(Records from a dataset)
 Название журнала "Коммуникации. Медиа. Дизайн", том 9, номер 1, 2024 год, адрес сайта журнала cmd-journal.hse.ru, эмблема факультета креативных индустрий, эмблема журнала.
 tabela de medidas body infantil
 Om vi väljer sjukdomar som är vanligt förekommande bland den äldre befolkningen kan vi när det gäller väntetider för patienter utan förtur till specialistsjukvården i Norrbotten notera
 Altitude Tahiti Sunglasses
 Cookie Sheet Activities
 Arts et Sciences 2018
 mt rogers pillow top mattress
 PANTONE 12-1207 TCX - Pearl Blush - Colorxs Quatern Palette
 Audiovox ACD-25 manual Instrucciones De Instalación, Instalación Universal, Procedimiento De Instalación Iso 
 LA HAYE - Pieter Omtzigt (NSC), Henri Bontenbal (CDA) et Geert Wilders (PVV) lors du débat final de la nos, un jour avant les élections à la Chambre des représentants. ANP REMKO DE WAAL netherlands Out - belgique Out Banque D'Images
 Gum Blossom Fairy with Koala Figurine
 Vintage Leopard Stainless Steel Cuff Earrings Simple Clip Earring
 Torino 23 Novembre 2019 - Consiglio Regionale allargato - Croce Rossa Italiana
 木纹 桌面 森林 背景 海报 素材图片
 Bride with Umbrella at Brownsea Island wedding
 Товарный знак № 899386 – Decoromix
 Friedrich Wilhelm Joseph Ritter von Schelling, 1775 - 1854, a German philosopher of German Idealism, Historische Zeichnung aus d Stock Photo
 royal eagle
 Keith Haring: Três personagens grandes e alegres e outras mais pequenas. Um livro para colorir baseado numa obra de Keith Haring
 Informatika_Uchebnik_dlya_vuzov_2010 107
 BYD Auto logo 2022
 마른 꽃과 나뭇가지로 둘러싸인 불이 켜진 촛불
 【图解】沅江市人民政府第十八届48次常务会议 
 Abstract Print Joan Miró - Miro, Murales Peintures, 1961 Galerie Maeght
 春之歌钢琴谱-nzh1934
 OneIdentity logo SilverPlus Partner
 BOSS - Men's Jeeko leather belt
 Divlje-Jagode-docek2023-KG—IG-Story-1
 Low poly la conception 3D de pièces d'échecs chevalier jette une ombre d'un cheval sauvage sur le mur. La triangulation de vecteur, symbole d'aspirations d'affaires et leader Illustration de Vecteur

HOW TO COMPLETE THIS TASK: Your answer must be the lines from the first line of the entries above through the line that contains "royal eagle", written out exactly.

FINISHED EXERCISE:
 Название журнала "Коммуникации. Медиа. Дизайн", том 9, номер 1, 2024 год, адрес сайта журнала cmd-journal.hse.ru, эмблема факультета креативных индустрий, эмблема журнала.
 tabela de medidas body infantil
 Om vi väljer sjukdomar som är vanligt förekommande bland den äldre befolkningen kan vi när det gäller väntetider för patienter utan förtur till specialistsjukvården i Norrbotten notera
 Altitude Tahiti Sunglasses
 Cookie Sheet Activities
 Arts et Sciences 2018
 mt rogers pillow top mattress
 PANTONE 12-1207 TCX - Pearl Blush - Colorxs Quatern Palette
 Audiovox ACD-25 manual Instrucciones De Instalación, Instalación Universal, Procedimiento De Instalación Iso 
 LA HAYE - Pieter Omtzigt (NSC), Henri Bontenbal (CDA) et Geert Wilders (PVV) lors du débat final de la nos, un jour avant les élections à la Chambre des représentants. ANP REMKO DE WAAL netherlands Out - belgique Out Banque D'Images
 Gum Blossom Fairy with Koala Figurine
 Vintage Leopard Stainless Steel Cuff Earrings Simple Clip Earring
 Torino 23 Novembre 2019 - Consiglio Regionale allargato - Croce Rossa Italiana
 木纹 桌面 森林 背景 海报 素材图片
 Bride with Umbrella at Brownsea Island wedding
 Товарный знак № 899386 – Decoromix
 Friedrich Wilhelm Joseph Ritter von Schelling, 1775 - 1854, a German philosopher of German Idealism, Historische Zeichnung aus d Stock Photo
 royal eagle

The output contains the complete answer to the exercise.